Comparison of leak shapes at individual IMFs following EEMD. All leak flow rates are set between 47 and 49 L/min and equivalent hole area is 32–33.18 mm2.
All IMFs represent signals of low frequency (<800 Hz). The highest frequency signals within this range are located within the first IMF (IMF1), but this was distinctly low amplitude. Frequency decreases as IMF number increases. The comparison between leak shapes reveals differing frequency distributions across different IMFs depending on leak shape. IMF1 is mainly dominated by signals from the round hole which has the widest spectral band of all the IMFs, the electrofusion joint is largely within IMFs 2, 3 and 4 whilst the longitudinal slit is dominant in IMF5 and 6. The electrofusion joint appears to have power in IMF2, 3 and 4 whilst the longitudinal slit has more power in IMF5. It is therefore possible that an analysis of the IMFs could provide information on the leak shape.
Classifying leak shape
Shape classification
Only the 24 features derived from the accelerometer signal were used as inputs to each model, e.g. the models were not told the leak shape or the leak flow rate. All leak shapes were initially divided up by their leak area, creating five separate datasets: 10, 16, 24 and 33 mm2; and All (all leak areas used and the model not told the leak area size). As the leak shape corresponds to a matching leak area of another shape, the effect of leak shape is isolated. As electrofusion joint data were only available for datasets of leak areas 16 and 33 mm2, the datasets 10 and 24 mm2 contained fewer input data.

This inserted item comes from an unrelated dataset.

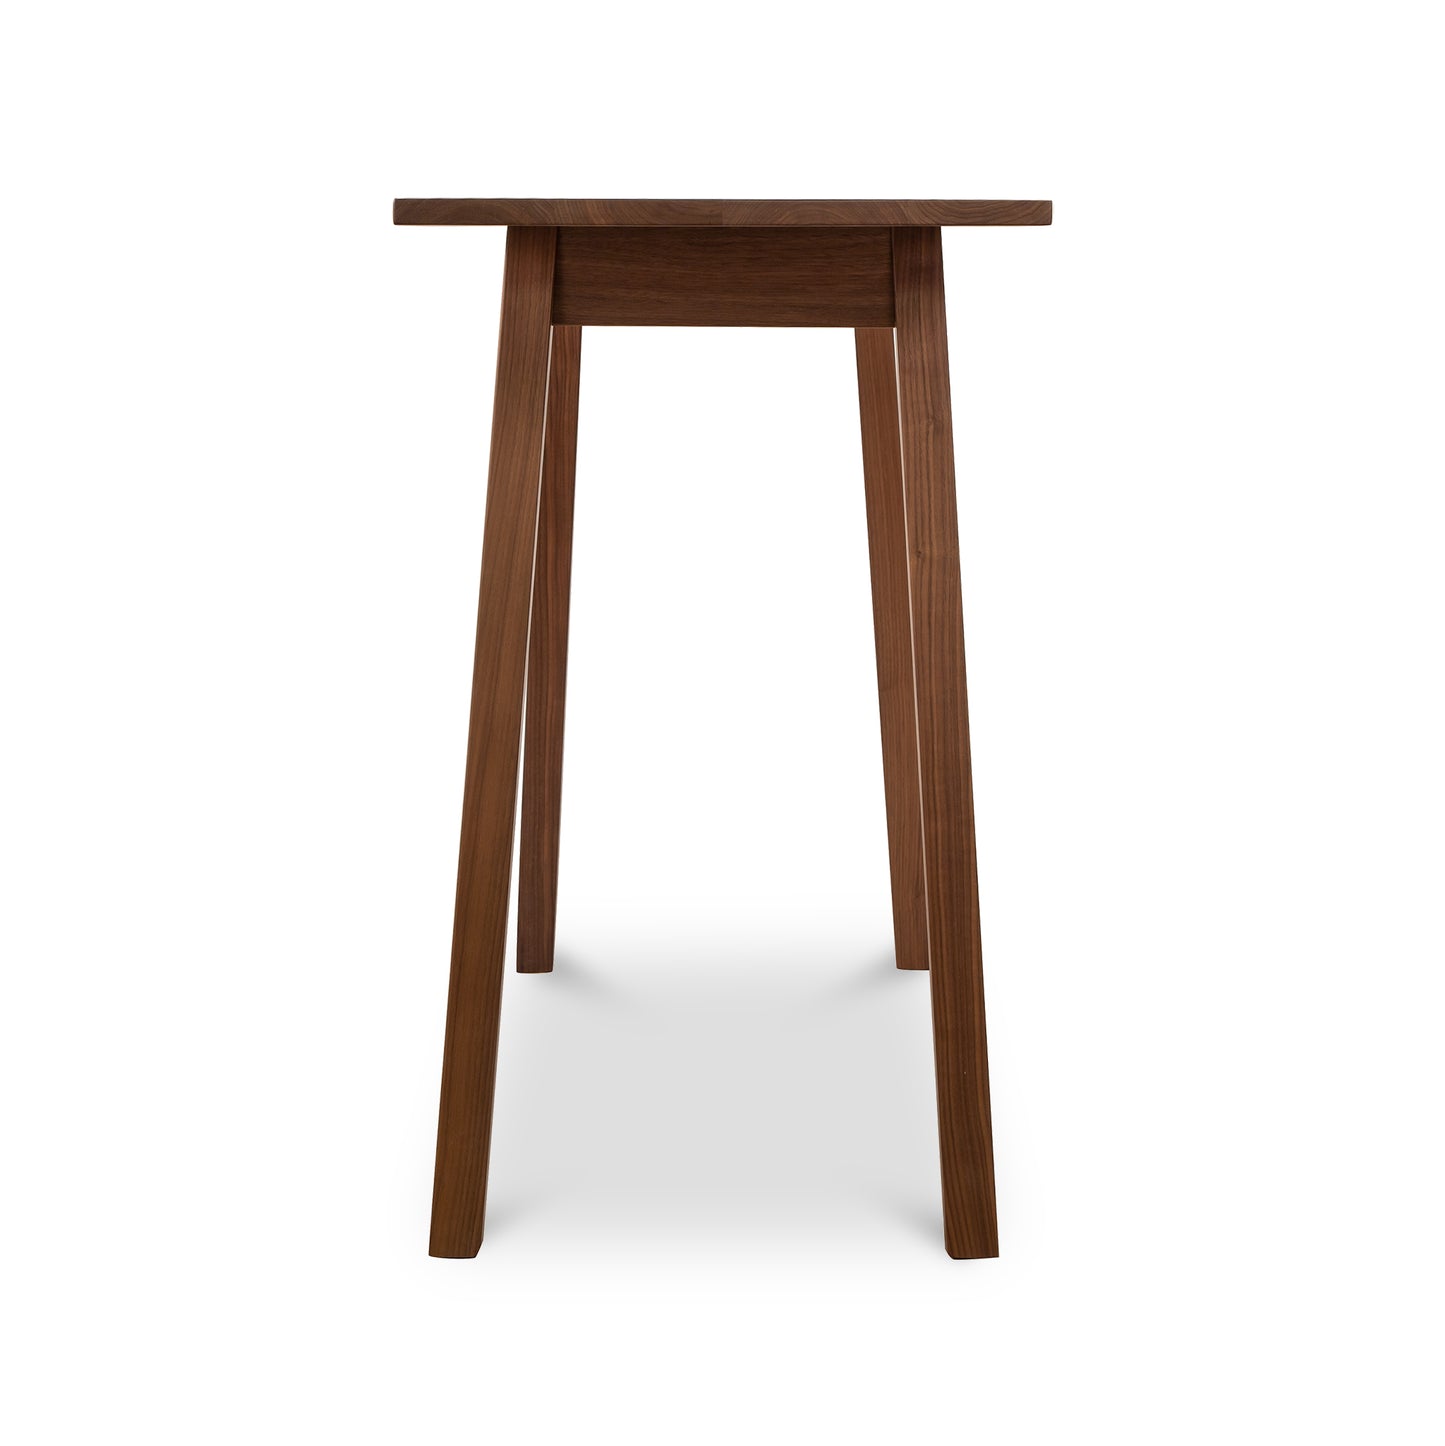 A wooden table with two legs on a white background.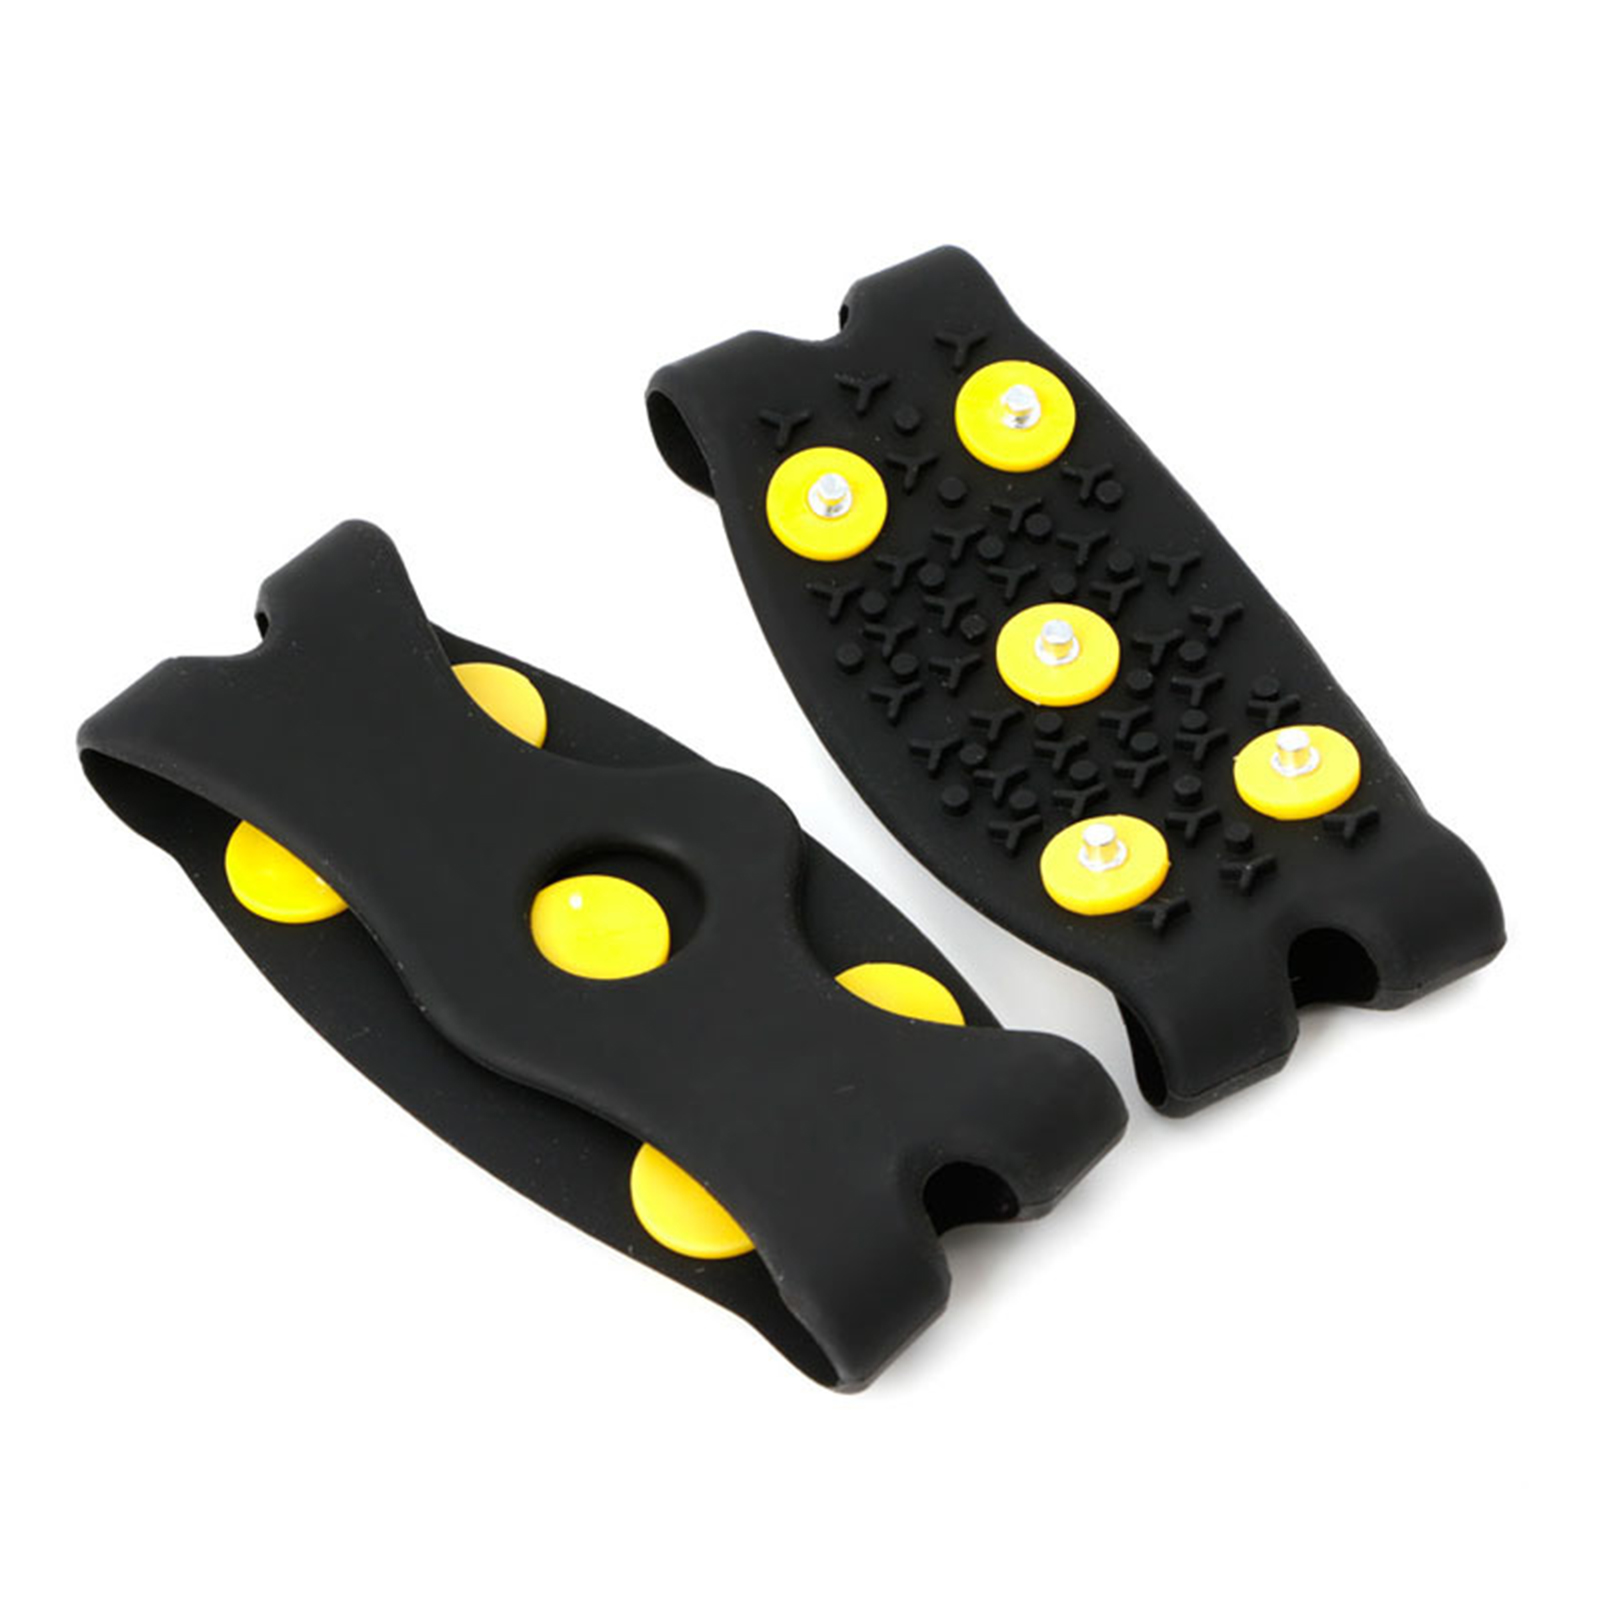 SPRING PARK 1 Pair 5-Stud Shoes Cover Non-Slip Silicone Shoes Cover Crampon Snow Anti Slip Spikes Grips Crampon Cleats Shoes Accessories (Black) - image 2 of 6

The performances of the models in classifying leak shape by individual areas is shown in the form of confusion matrixes in Figure 8. The confusion matrices are further divided by leak area size, the 10 mm2 dataset (Figure 8(a)), 16 mm2 dataset (Figure 8(b)), 24 mm2 dataset (Figure 8(c)), 33 mm2 dataset (Figure 8(d)) and All leak area sizes (Figure 8(e)). The model was able to classify leak shape for all areas at all leak flow rates within all backfill types to >81%. Generally, it appeared that classification accuracy was notably higher for round holes compared to the other leak shapes. In the case of the 24 mm2, the model correctly classified 99% accuracy. An investigation into the ‘All’ dataset (Figure 8(e)) suggests that the round holes also achieved the highest prediction accuracy at 90%, followed by the electrofusion joint at 81%. The worst performance in this dataset was the longitudinal slit with a classification accuracy of 75%.
Figure 8(e) demonstrates the average classification accuracy for each leak area, each leak shape and each leak flow rate when using the ‘All’ dataset. Note, this is not the averaged-output of the model in Figure 8, it is the individual subset results for the model using the ‘All’ dataset. An investigation into the performance of the model for different leak areas within the ‘All’ dataset shows increased average classification accuracy with the 24 mm2 dataset (98%) (Table 3). However, this may be due to a smaller dataset as electrofusion joints are not included. Despite the fact that there were five different leak flow rates studied, the model was able to classify the leak shape independent of leak flow rate at >82% accuracy for all leak shapes at all leak areas.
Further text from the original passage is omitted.